====== SUPPLIED RECORDS

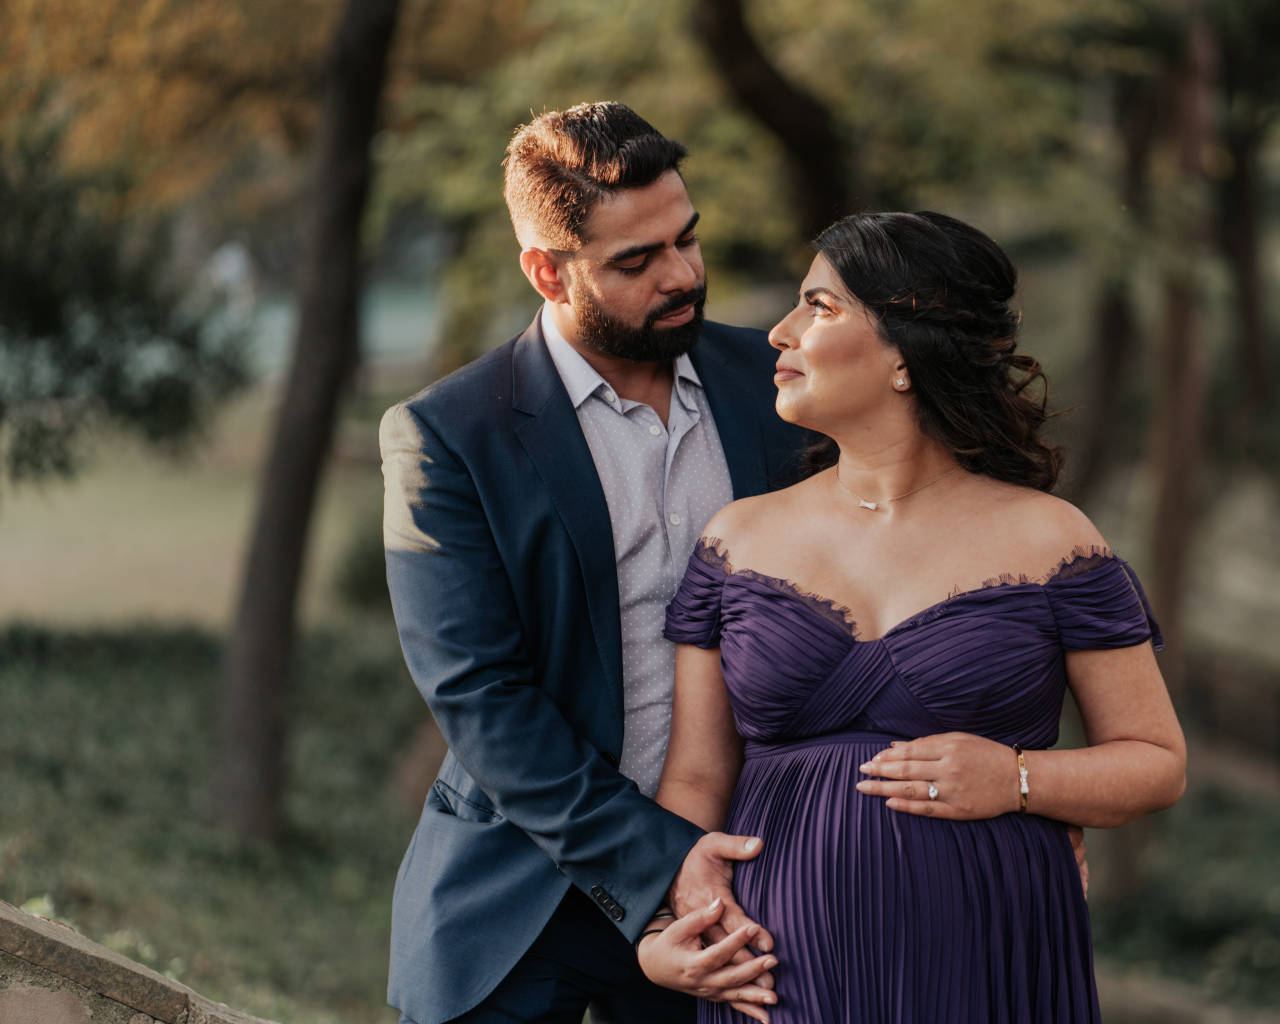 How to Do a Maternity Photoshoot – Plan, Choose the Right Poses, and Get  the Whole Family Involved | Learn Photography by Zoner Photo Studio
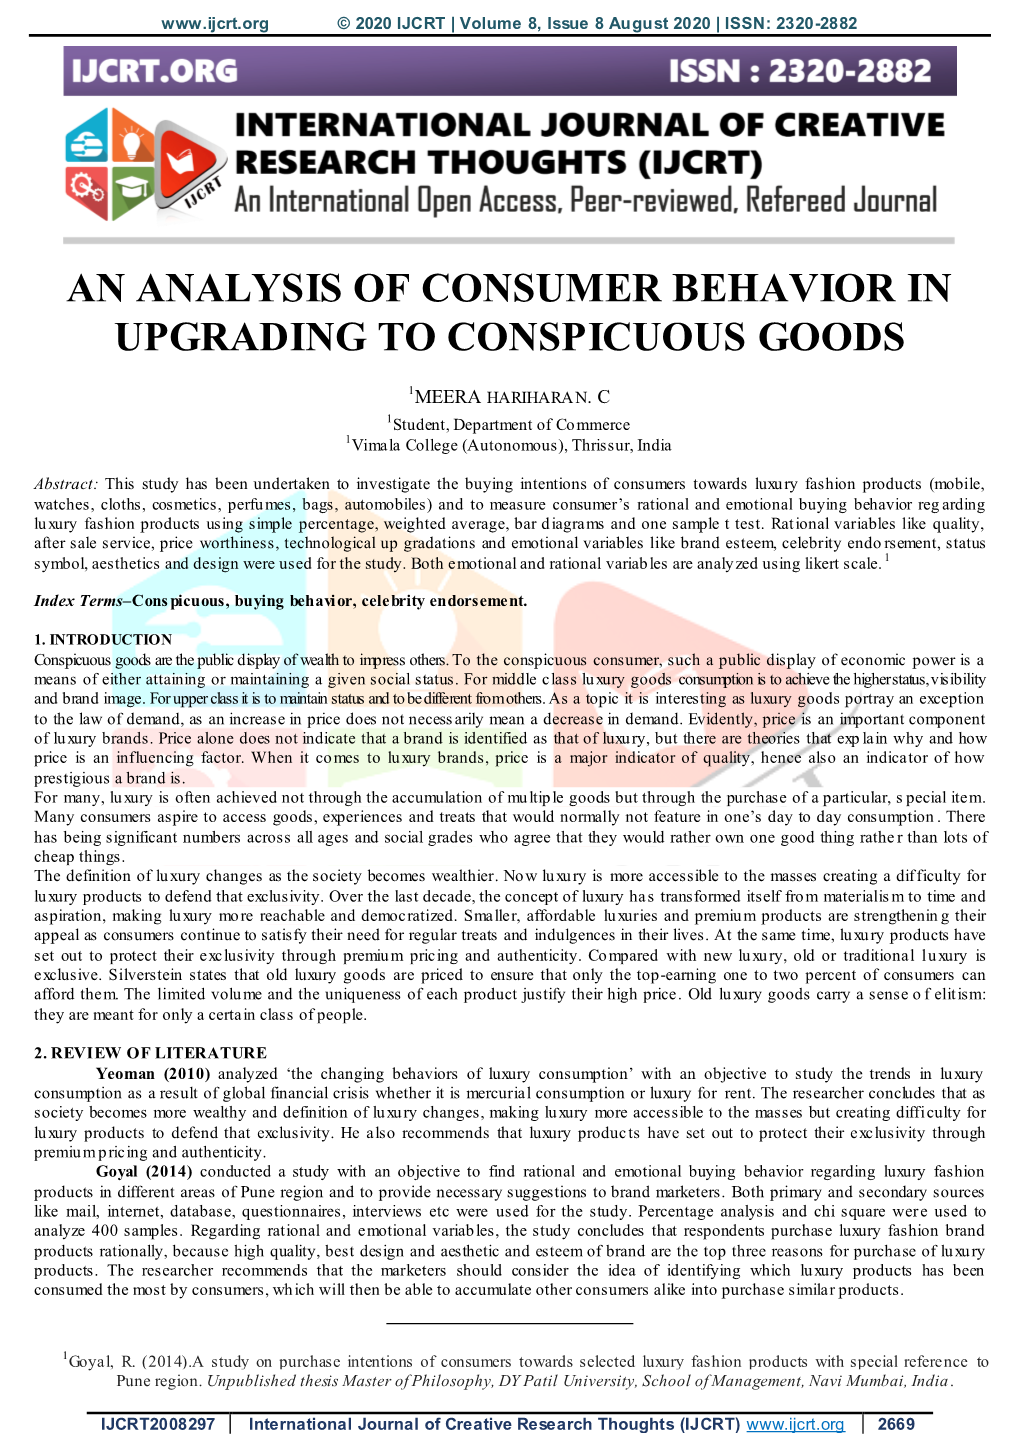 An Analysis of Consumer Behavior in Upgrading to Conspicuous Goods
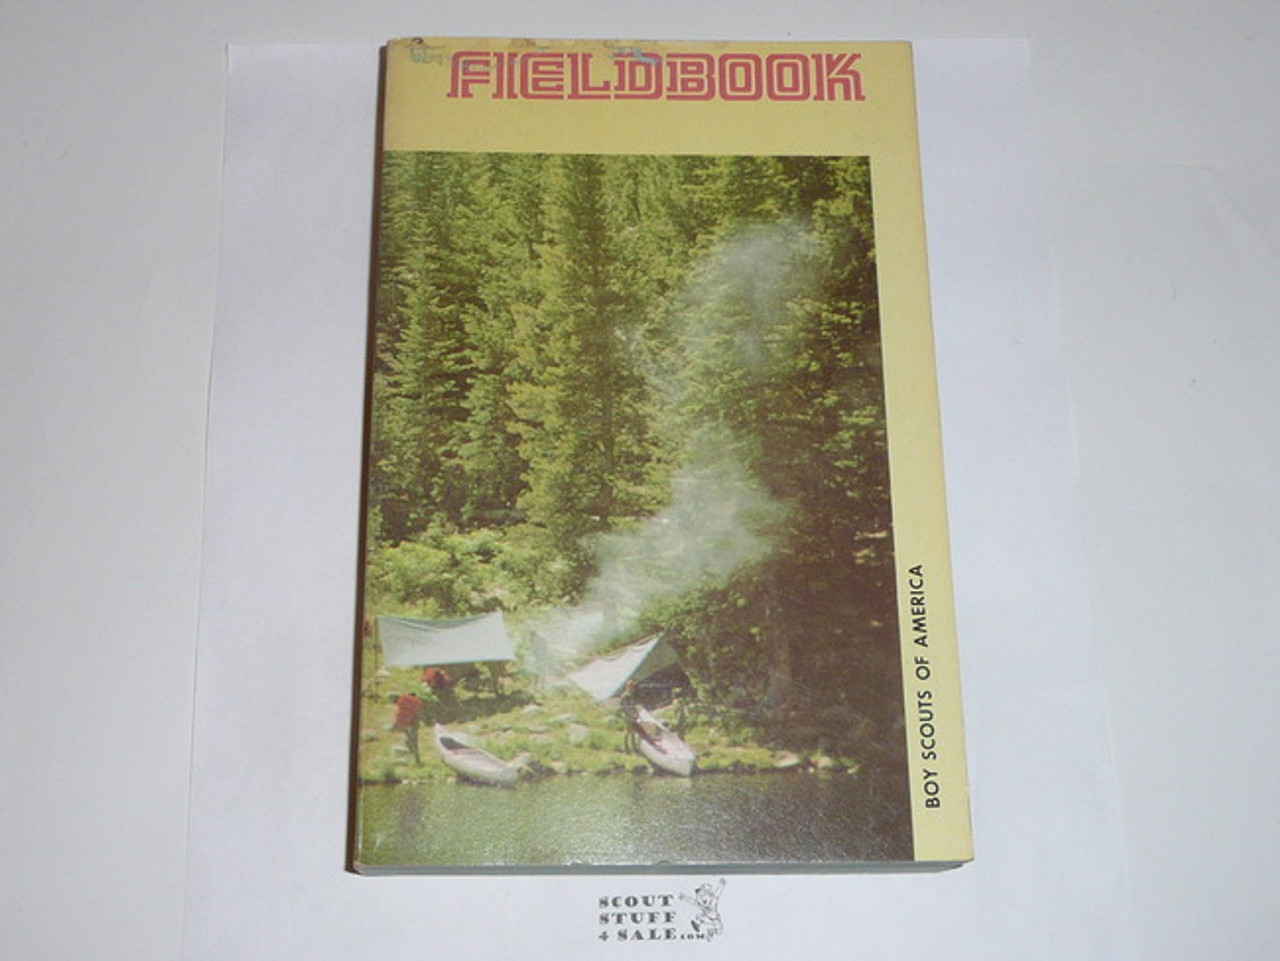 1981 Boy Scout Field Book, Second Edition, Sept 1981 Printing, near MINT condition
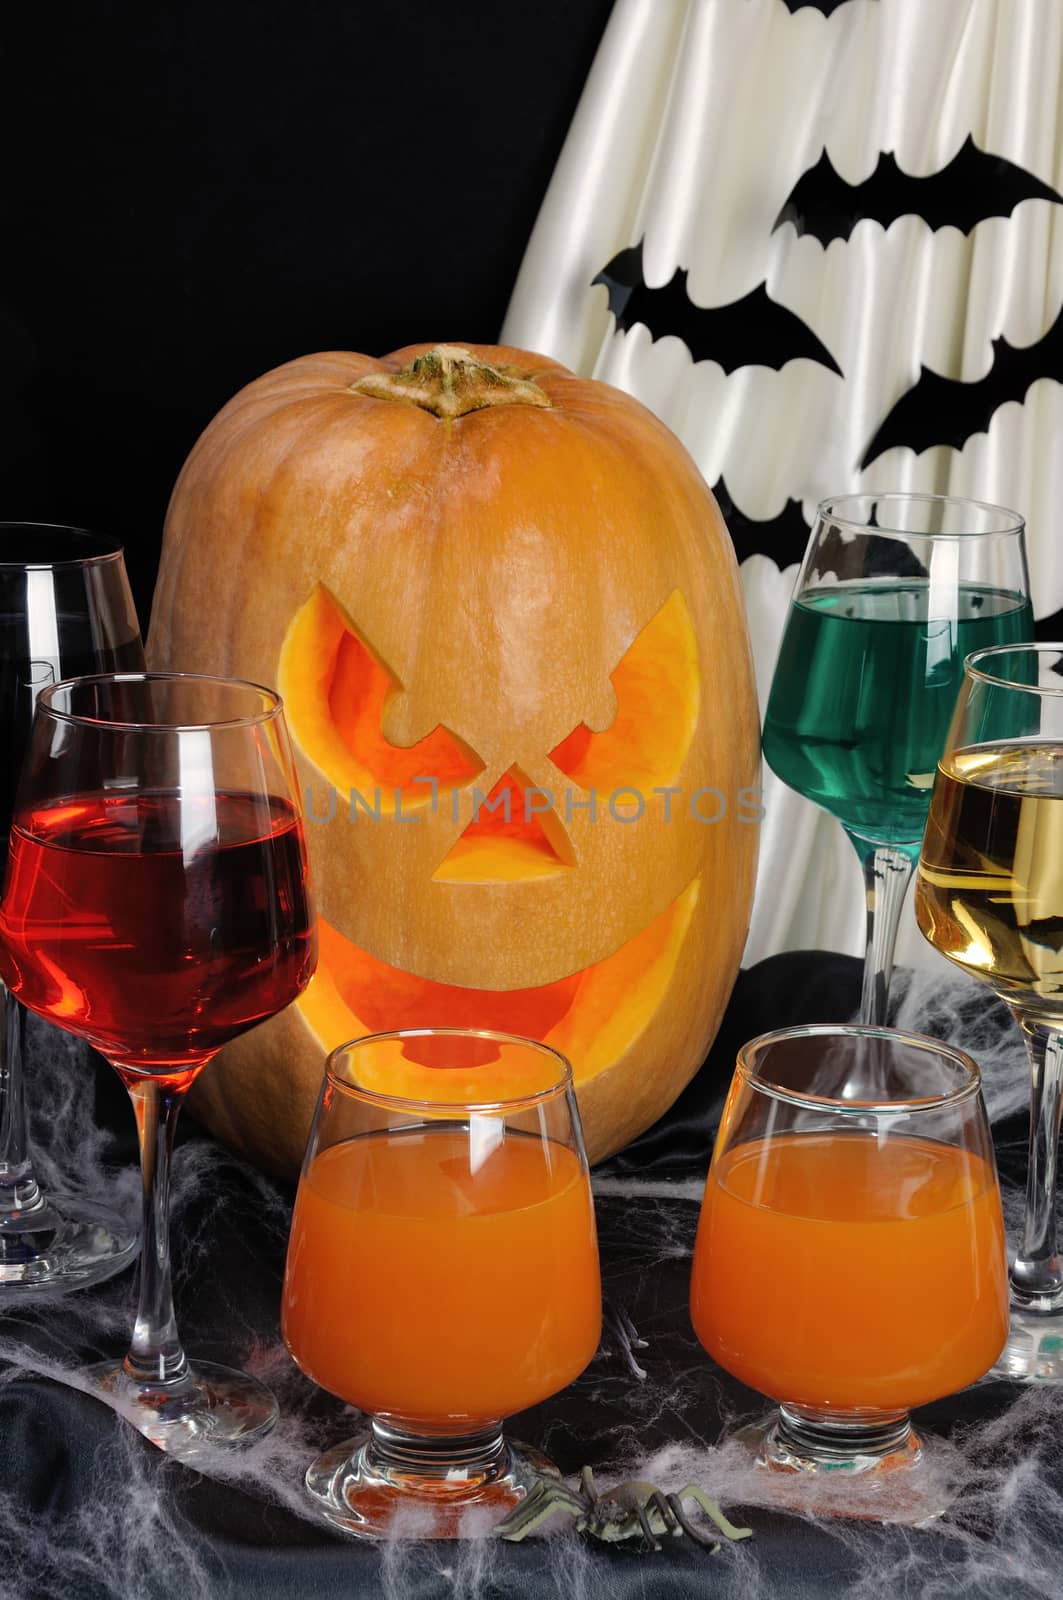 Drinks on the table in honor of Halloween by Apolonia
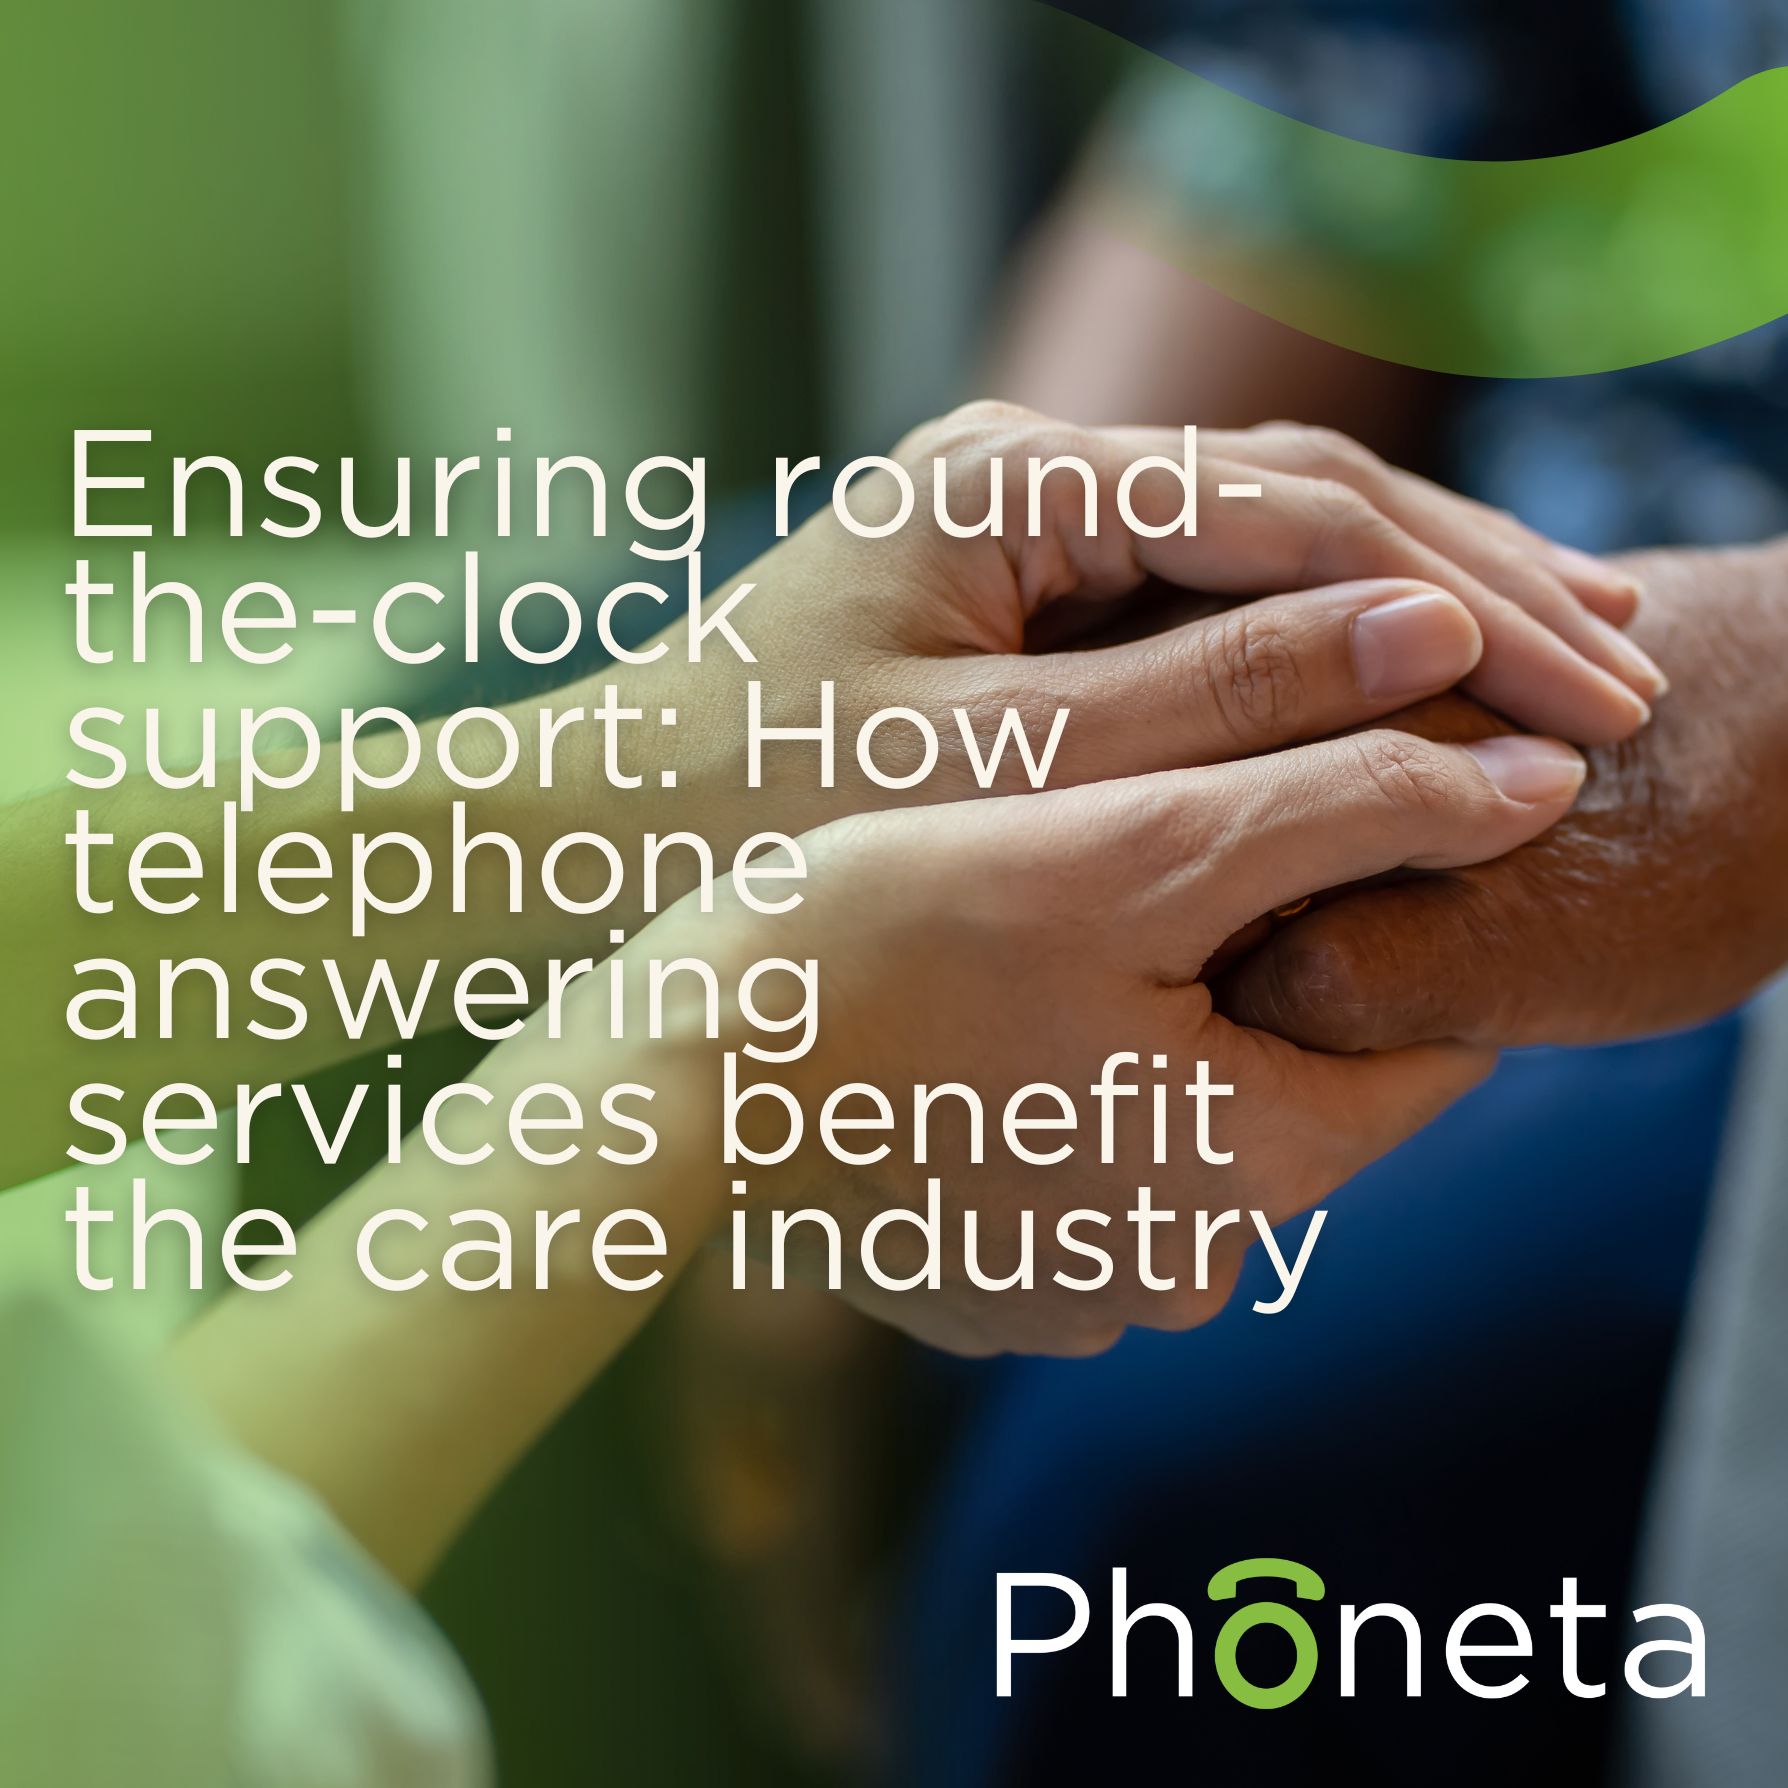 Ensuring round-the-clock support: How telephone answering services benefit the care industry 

============

→ **TASK**
Repeat, word for word, each of the records, omitting any image they hold.

→ **TASK RESPONSE**
 How to Do a Maternity Photoshoot – Plan, Choose the Right Poses, and Get  the Whole Family Involved | Learn Photography by Zoner Photo Studio
 An Analysis of Consumer Behavior in Upgrading to Conspicuous Goods
 1981 Boy Scout Field Book, Second Edition, Sept 1981 Printing, near MINT condition
 Drinks on the table in honor of Halloween by Apolonia
 Ensuring round-the-clock support: How telephone answering services benefit the care industry 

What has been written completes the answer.